I saw the headline, and thought _Do I need a fiddle?_, and then noticed it was from _Indiginus_.

Purchased and downloading.


----------



## LamaRose (Sep 16, 2021)

Mr. Consistent. Sounds amazing. Great GUI. Great price. And only 800mb.


----------



## Scalms (Sep 16, 2021)

For those who just bought it, how does this instrument handle something like a Celtic jig? I don’t think it has the right ornaments for it, but curious if it is at all adaptable


----------



## Quasar (Sep 16, 2021)

I purchased this after watching the walkthough. Thanks Indiginus for making this *full* Kontakt.


----------



## SoNowWhat? (Sep 17, 2021)

tcollins said:


> Thank-you! The intro price will stay until October 31.


That's what I wanted to hear. Well, I think I know what my next VI will be. Out of studio on holiday and always prefer to buy when on my desktop. Sounds like you've made a beauty here Tracey.


----------



## SoNowWhat? (Sep 17, 2021)

Quasar said:


> I purchased this after watching the walkthough. Thanks Indiginus for making this *full* Kontakt.


Interested to know your thoughts when you've had a mess about. It sounds great on the demos.


----------



## BitLink (Sep 17, 2021)

Sounds great! I just have one question:
In the Thunder Creek demo and the walkthrough(4:37 mark), I noticed a pop in volume transition with each of the staccato notes. … And it has been fixed already, so pay no attention to this post! I’ll be buying this as soon as I can.


----------



## Denkii (Sep 17, 2021)

This post has been edited because the discussed problem has been fixed by Indiginus.


----------



## sostenuto (Sep 17, 2021)

Sooo one Fiddle lib covers several genre e.g. Celtic, Gypsy, Bluegrass, et al, effectively ? 
Need to peruse Site carefully re. this.


----------



## muziksculp (Sep 17, 2021)

Hi,

When I have Legato enabled, then select any of the articulations, the Legato square which is lit up showing it is enabled, gets disabled (turns off). How do I keep Legato ON, when changing articulations ?

The video shows the Legato ON while the articulations are being changed, but that's not the case here. What could be set that is disabling legato when I select/change the articulation ?

Using Keyswitch D#1 enables 'Legato' but does not latch it, Legato is only enabled if I hold the D#1 keyswitch down. If I release it, 'Legato is disabled. How do I keep 'Legato' Enabled and Latched via D#1 ? Maybe I'm missing something here ? 



Thanks


----------



## tcollins (Sep 17, 2021)

Denkii said:


> I also hear some crackling noise at the start of every note for staccato and trems in the walkthrough video
> ->
> 
> Also the scoop seems to clip. There is heavy distortion in it when shown in the walkthrough video
> ...



Yes, there was a problem with the shorts, but this was fixed. I'll update the videos.


----------



## Denkii (Sep 17, 2021)

@tcollins 
Great news!
I edited my post so that it doesn't start unnecessary chaos and I am looking forward to hearing the update.

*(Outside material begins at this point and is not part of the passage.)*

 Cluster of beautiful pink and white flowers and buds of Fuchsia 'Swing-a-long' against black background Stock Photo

On a side note: Could you also tell us what the msrp after the intro sale will be? I can't find it anywhere.


----------



## muziksculp (Sep 17, 2021)

Hi,

OK, this was a bit tricky but I figured out what's happening with regards to the Legato Keyswitch not latching. 

If I click on the Legato button, (not use the Keyswitch D#1) to enable it, it stays latched, even when I change the articulations via the keyswitches. But if I enable Legato using the D#1 Keyswitch it is just a momentary switch for the legato, and is disabled once you release the Keyswitch. 

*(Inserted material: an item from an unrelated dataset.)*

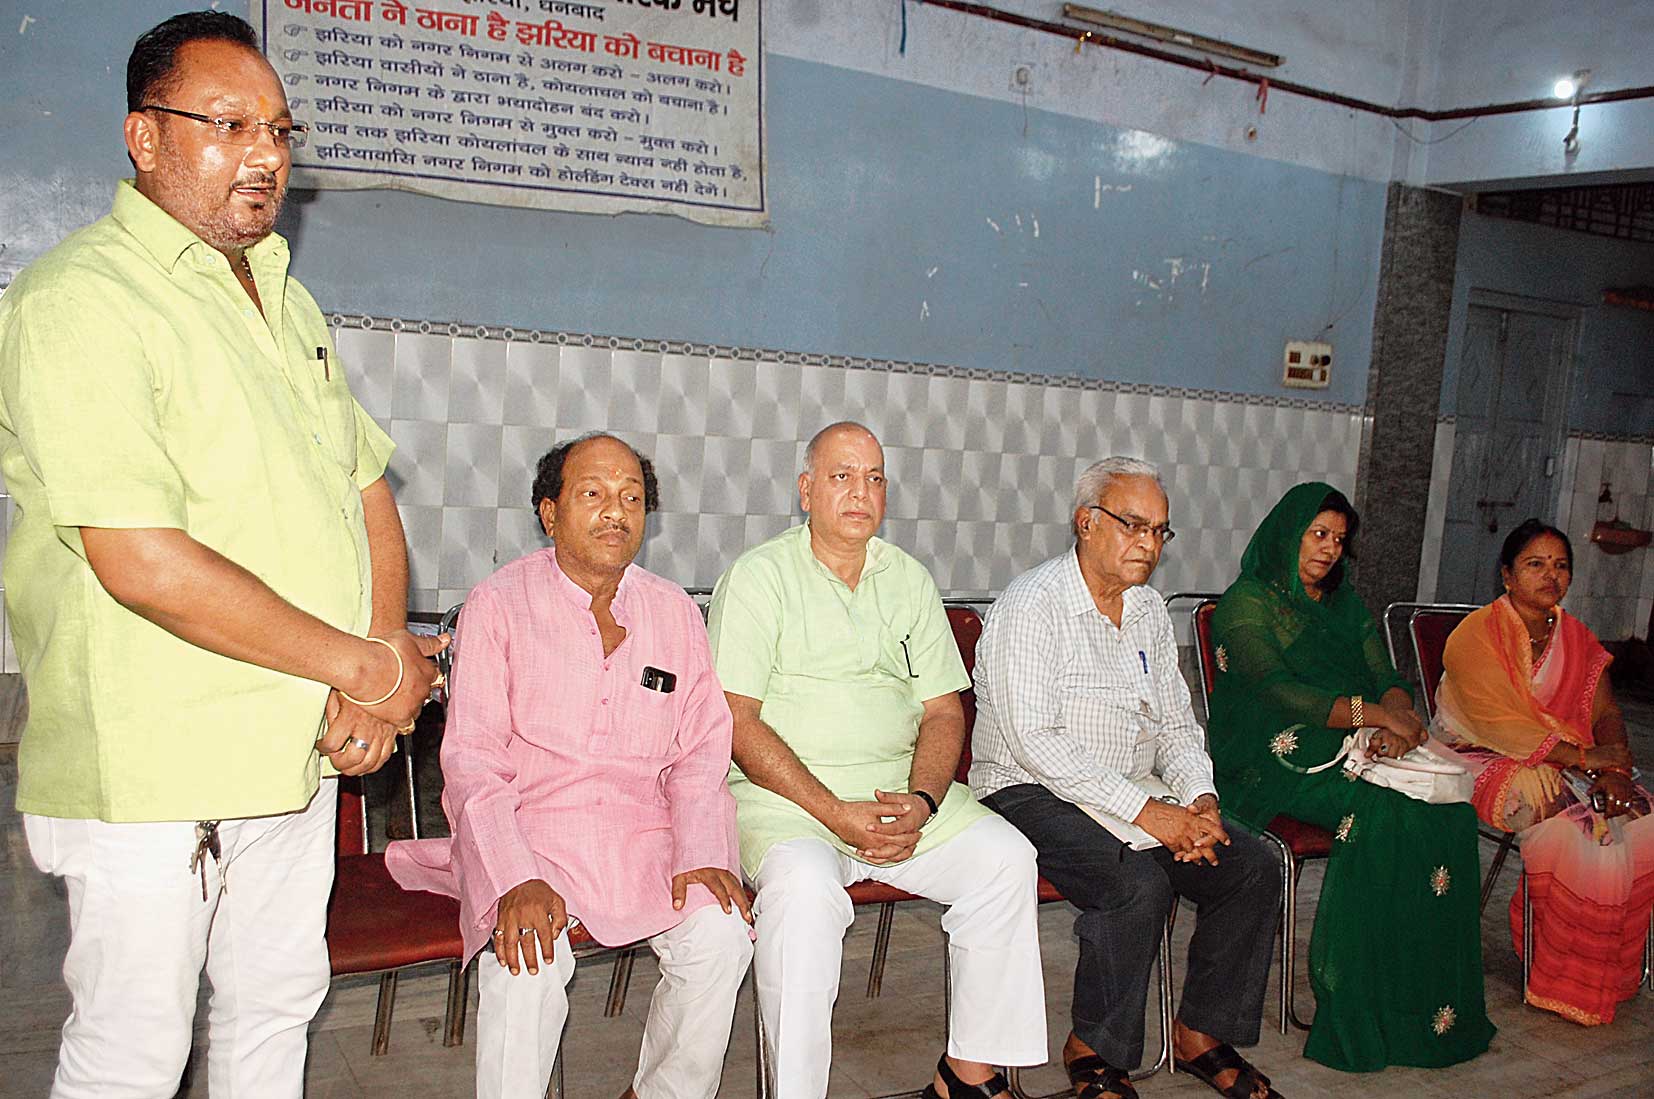 Members of social outfits at the meeting in Jharia, Dhanbad, on Thursday.

I assigned the Legato Button to a CC number on my controller, to enable it, this will keep it latched. 

Hope this is helpful. 

Cheers,
Muziksculp


----------



## tcollins (Sep 17, 2021)

muziksculp said:


> Hi,
> 
> OK, this was a bit tricky but I figured out what's happening with regards to the Legato Keyswitch not latching.
> 
> ...


Hi Muziksculp,

The articulations at the bottom were meant for people who would like to set the instrument to a single articulation, for instance if they set tracks to different articulations. This isn't how I normally work, but while working on Amadeus Symphonic Orchestra I learned that this was the preferred method of some composers. The bottom articulation buttons therefore override everything else. My thinking (possibly faulty) was that people will choose to use either key switches to change articulations OR just set them to one articulation per instance.

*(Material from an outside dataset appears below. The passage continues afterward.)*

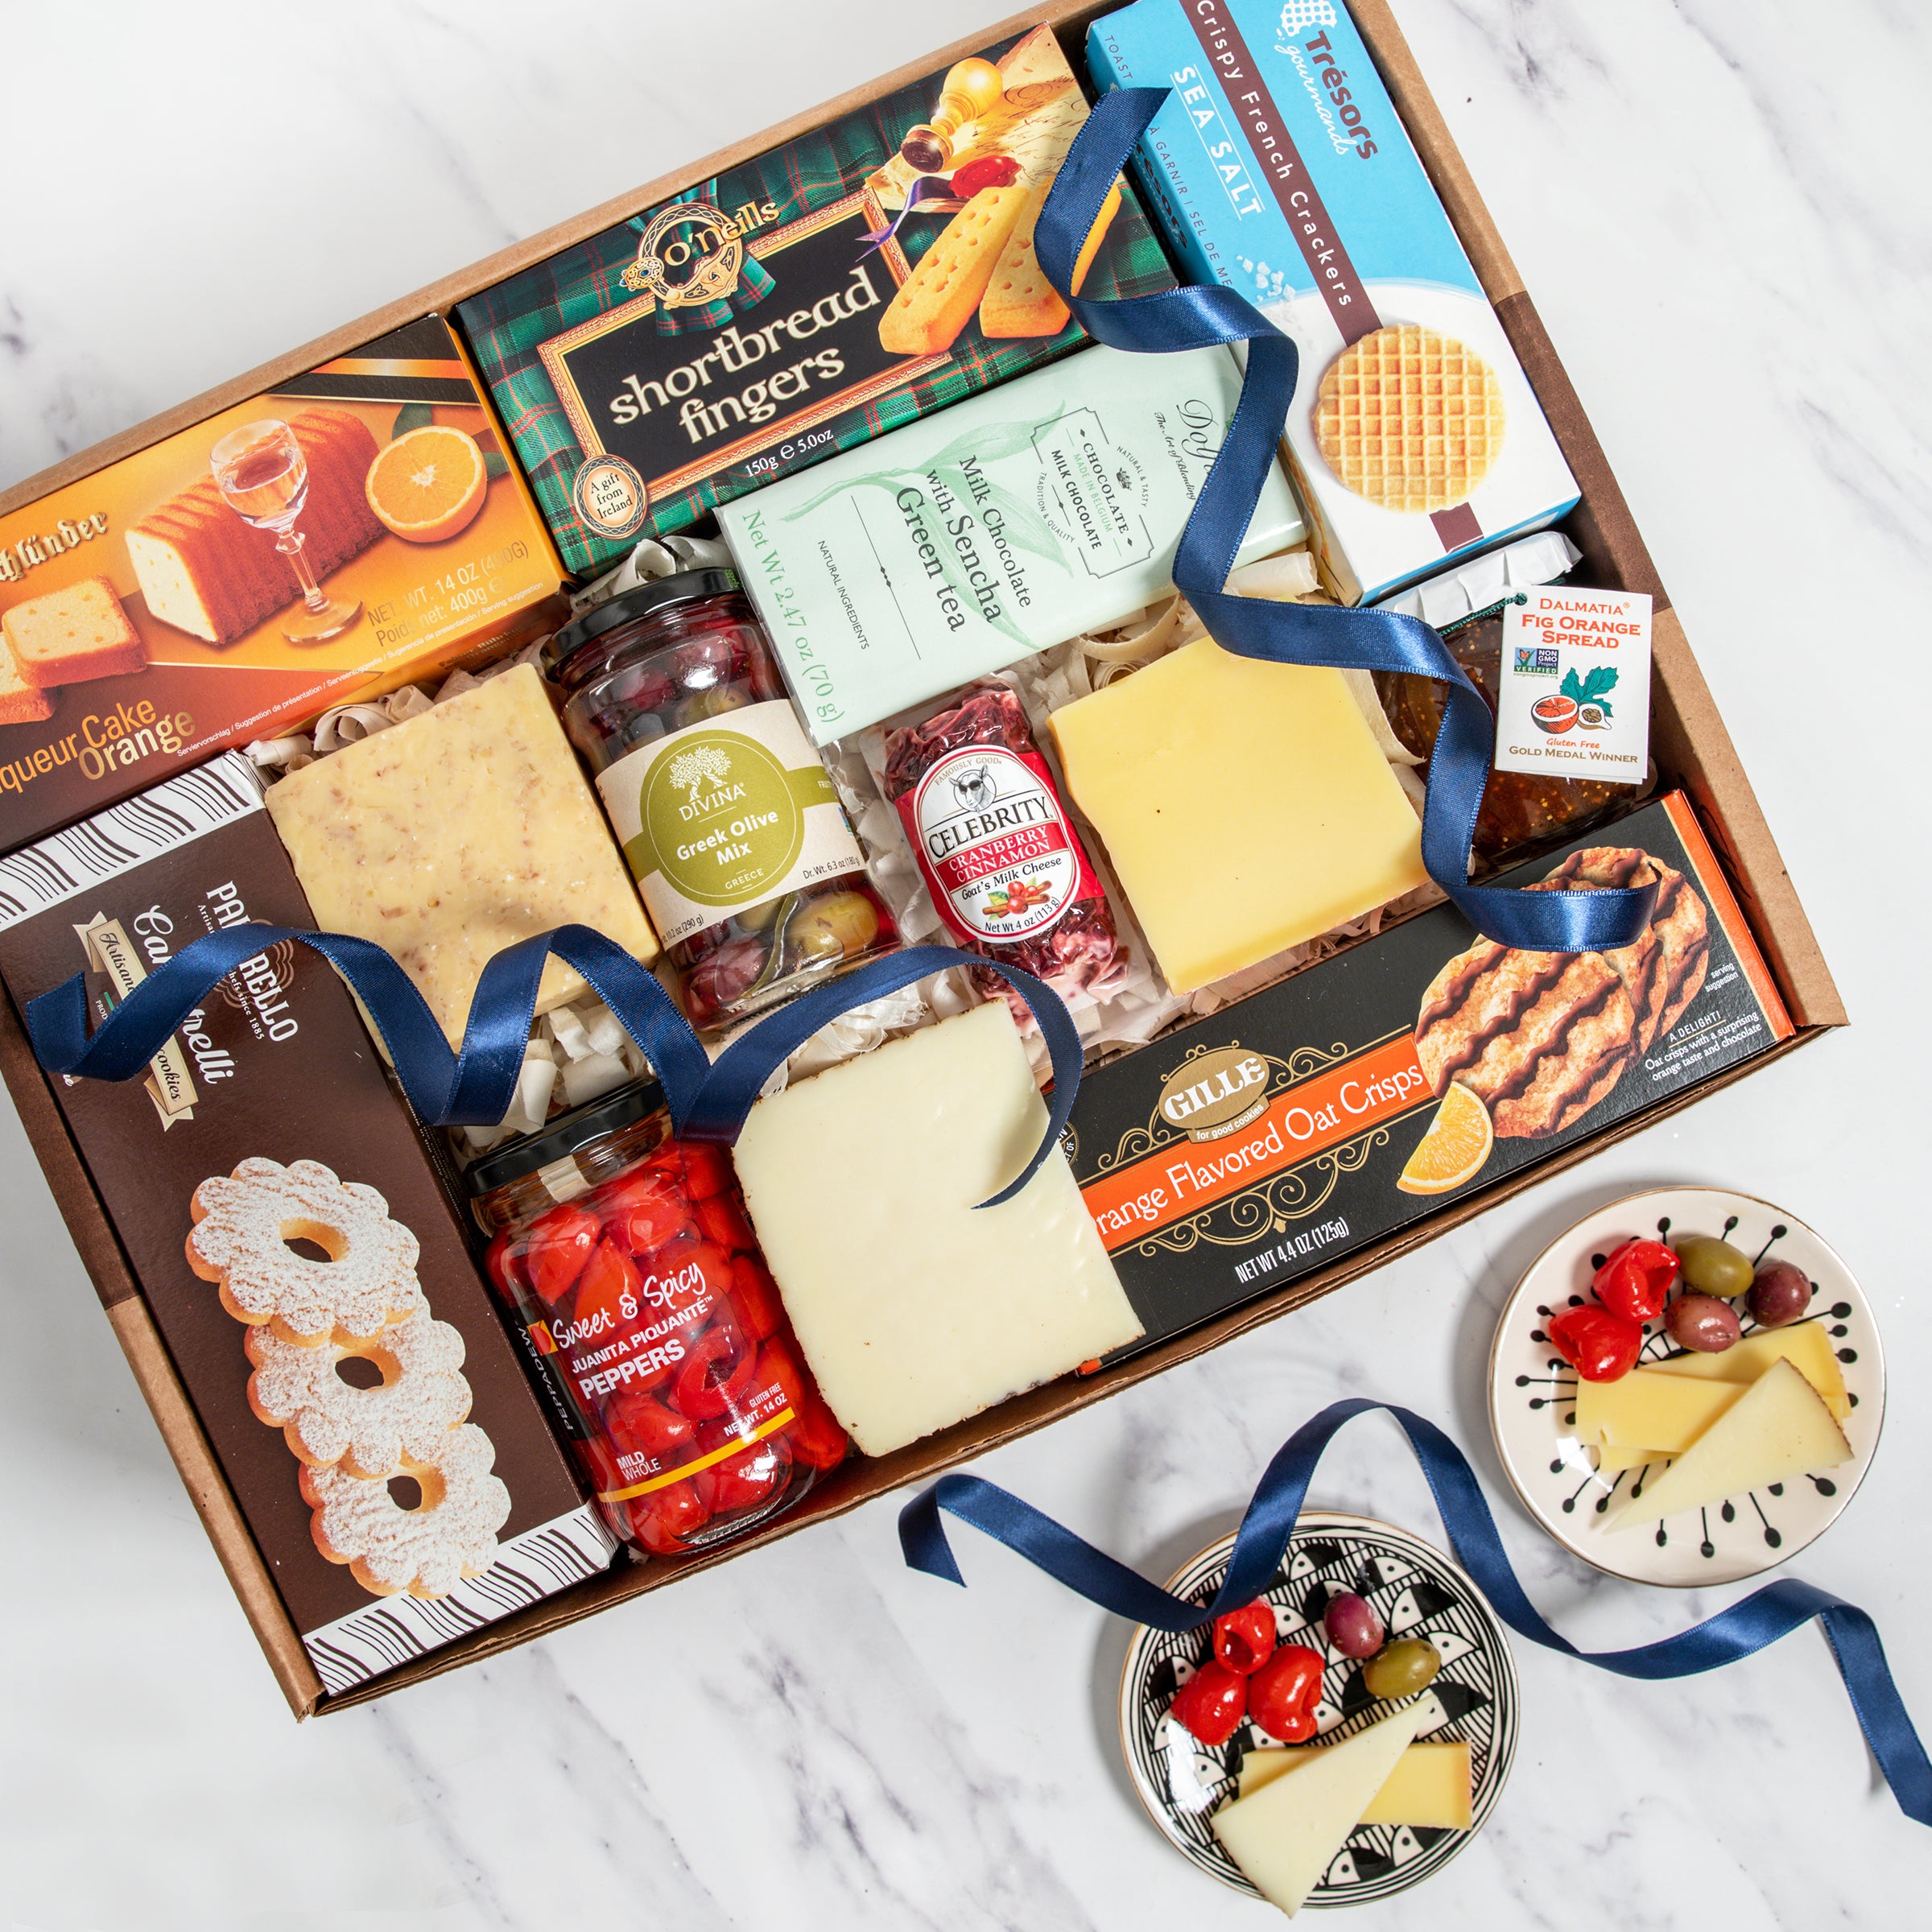 Euro Food Depot - Gift Box Gourmet 7 items - French Gourmet Food

The Legato key switch will un-latch the Legato button. If you are using the Legato for normal playing, the articulation key switches will not cancel the Legato, and as soon as you release the articulation key switch the Legato is still on.

There are certainly many ways to configure this, and I am always open to alternatives. One possibility is to have a choice between momentary and latching key switches.


----------



## muziksculp (Sep 17, 2021)

tcollins said:


> One possibility is to have a choice between momentary and latching key switches.


Yes, that would be a nice option to have. 

Thanks for your helpful feedback, and wonderful Fiddle library.  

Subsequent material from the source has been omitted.